- [GOAL OF THE EXERCISE]: Give the number of lines in the data that contain "Wallpaper", and nothing more.

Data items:
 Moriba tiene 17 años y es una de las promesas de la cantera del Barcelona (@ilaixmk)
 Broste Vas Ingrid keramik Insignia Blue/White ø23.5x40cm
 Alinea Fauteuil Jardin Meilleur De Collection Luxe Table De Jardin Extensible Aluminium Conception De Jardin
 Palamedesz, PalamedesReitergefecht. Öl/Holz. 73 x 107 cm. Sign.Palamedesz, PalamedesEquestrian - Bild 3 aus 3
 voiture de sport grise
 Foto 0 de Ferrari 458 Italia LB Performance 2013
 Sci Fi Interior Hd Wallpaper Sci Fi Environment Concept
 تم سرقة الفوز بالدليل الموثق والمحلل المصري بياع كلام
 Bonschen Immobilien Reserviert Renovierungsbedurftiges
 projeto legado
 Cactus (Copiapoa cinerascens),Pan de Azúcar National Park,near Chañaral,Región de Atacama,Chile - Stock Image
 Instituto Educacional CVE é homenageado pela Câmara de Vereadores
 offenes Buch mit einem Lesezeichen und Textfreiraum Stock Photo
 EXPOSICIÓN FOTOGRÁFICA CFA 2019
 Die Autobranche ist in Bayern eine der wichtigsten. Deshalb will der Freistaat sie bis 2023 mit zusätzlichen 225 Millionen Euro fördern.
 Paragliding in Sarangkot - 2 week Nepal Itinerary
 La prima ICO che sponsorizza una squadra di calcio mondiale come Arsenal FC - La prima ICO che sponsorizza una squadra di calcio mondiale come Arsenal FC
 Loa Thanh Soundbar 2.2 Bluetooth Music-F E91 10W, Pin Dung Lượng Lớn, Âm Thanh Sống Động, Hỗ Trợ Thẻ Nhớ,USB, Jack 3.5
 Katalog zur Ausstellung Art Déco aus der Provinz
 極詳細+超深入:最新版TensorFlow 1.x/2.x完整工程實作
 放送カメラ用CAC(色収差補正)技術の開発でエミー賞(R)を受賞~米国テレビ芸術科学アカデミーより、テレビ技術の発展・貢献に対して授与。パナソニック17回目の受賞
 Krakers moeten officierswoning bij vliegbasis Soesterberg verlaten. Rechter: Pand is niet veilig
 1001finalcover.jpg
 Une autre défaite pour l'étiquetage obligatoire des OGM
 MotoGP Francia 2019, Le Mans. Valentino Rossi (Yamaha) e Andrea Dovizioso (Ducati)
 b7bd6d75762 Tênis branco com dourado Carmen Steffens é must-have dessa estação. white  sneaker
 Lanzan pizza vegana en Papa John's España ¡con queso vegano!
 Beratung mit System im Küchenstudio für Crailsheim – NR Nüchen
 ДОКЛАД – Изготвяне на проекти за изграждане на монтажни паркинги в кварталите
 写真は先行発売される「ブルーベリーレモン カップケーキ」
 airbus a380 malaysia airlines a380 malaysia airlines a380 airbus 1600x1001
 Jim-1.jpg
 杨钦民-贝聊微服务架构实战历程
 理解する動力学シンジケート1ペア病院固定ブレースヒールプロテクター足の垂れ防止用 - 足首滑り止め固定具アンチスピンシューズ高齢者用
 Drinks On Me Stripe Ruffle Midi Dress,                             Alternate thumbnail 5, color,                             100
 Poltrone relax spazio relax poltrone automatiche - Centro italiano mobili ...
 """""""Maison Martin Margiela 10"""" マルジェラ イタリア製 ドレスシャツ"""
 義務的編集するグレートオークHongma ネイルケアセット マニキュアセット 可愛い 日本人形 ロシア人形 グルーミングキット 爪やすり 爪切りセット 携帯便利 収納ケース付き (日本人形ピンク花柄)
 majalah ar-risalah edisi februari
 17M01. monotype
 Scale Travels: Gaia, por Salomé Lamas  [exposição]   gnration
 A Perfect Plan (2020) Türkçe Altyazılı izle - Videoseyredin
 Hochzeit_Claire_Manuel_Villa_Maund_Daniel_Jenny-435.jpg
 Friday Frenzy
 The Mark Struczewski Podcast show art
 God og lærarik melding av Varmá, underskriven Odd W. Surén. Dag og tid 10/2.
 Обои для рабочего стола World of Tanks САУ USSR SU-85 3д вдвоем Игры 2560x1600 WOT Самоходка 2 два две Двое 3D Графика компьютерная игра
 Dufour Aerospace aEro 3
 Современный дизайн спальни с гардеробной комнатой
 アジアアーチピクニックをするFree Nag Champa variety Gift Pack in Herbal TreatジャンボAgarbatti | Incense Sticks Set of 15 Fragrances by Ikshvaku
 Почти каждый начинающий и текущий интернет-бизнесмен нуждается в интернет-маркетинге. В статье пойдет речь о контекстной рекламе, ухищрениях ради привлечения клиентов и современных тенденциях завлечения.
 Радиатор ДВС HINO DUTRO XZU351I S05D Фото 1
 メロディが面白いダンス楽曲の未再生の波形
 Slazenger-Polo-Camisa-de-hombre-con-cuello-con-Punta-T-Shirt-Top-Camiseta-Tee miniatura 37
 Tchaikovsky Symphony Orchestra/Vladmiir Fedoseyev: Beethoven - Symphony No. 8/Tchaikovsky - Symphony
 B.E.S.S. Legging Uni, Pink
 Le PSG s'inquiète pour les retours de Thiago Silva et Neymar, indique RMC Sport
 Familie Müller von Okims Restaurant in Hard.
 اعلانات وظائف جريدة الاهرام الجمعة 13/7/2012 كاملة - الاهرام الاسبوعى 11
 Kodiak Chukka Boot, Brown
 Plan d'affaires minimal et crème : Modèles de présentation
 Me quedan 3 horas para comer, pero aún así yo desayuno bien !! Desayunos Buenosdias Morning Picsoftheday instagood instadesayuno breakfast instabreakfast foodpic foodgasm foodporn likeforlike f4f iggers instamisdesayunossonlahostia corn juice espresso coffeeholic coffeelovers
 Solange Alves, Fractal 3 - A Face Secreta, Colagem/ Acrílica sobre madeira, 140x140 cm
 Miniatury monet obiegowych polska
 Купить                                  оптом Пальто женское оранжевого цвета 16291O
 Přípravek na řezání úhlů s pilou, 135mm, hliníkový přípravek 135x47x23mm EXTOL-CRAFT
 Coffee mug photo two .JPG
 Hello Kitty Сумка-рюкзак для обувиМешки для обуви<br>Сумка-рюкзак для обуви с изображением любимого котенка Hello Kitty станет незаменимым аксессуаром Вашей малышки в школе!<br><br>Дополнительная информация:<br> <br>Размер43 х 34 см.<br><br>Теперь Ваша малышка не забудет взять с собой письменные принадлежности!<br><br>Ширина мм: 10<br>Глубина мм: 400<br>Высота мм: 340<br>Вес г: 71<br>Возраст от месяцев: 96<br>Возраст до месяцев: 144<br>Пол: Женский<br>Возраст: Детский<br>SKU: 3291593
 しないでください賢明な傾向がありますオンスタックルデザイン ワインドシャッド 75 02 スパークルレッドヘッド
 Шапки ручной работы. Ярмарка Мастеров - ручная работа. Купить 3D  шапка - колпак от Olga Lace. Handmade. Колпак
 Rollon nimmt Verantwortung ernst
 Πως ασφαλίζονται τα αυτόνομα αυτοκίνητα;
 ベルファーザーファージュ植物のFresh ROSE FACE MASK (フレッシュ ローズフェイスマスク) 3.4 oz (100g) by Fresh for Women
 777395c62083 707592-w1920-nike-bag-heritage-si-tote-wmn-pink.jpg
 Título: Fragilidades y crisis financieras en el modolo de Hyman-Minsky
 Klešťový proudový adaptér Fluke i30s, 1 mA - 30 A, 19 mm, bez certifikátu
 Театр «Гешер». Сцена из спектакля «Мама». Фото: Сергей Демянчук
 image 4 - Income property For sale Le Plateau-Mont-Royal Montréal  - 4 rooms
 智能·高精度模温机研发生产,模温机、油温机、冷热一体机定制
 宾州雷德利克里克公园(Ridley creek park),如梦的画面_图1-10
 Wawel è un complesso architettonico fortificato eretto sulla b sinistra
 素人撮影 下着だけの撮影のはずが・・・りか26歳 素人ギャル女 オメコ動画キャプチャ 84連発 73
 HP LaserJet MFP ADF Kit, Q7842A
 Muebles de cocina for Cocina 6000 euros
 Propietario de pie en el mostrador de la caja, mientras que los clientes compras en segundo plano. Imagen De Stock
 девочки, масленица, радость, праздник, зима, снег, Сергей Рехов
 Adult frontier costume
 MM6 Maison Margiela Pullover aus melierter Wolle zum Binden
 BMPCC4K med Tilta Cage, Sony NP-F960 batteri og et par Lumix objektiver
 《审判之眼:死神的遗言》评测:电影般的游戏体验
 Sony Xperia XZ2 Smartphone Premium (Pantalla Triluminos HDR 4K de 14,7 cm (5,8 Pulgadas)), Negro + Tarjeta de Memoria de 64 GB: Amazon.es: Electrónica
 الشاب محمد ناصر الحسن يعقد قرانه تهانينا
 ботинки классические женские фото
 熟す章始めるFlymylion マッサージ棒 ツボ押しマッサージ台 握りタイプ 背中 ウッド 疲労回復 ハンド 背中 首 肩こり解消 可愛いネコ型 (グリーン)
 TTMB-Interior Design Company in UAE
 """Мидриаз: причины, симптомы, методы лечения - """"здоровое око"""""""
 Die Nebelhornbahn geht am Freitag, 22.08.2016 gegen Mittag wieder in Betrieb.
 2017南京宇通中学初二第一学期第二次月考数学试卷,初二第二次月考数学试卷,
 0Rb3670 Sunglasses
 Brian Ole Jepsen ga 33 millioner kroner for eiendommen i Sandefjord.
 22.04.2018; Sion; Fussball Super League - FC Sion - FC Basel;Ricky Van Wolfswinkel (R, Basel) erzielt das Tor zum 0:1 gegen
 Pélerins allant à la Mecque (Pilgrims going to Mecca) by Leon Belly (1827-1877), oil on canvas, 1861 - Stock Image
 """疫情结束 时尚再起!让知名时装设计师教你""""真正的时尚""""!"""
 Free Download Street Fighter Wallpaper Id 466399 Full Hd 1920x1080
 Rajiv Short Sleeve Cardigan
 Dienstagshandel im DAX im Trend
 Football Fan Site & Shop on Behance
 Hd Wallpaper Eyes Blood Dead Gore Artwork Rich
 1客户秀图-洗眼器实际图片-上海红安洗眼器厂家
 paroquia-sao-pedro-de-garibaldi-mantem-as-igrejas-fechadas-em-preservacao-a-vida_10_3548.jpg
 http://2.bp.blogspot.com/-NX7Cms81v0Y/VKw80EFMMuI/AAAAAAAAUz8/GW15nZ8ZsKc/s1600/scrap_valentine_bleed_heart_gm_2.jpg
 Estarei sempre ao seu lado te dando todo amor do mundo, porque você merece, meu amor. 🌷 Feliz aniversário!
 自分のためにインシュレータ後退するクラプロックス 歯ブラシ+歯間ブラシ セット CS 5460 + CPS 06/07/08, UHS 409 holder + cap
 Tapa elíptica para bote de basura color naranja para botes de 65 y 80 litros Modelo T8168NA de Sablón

- [SOLUTION TO THE EXERCISE]: 3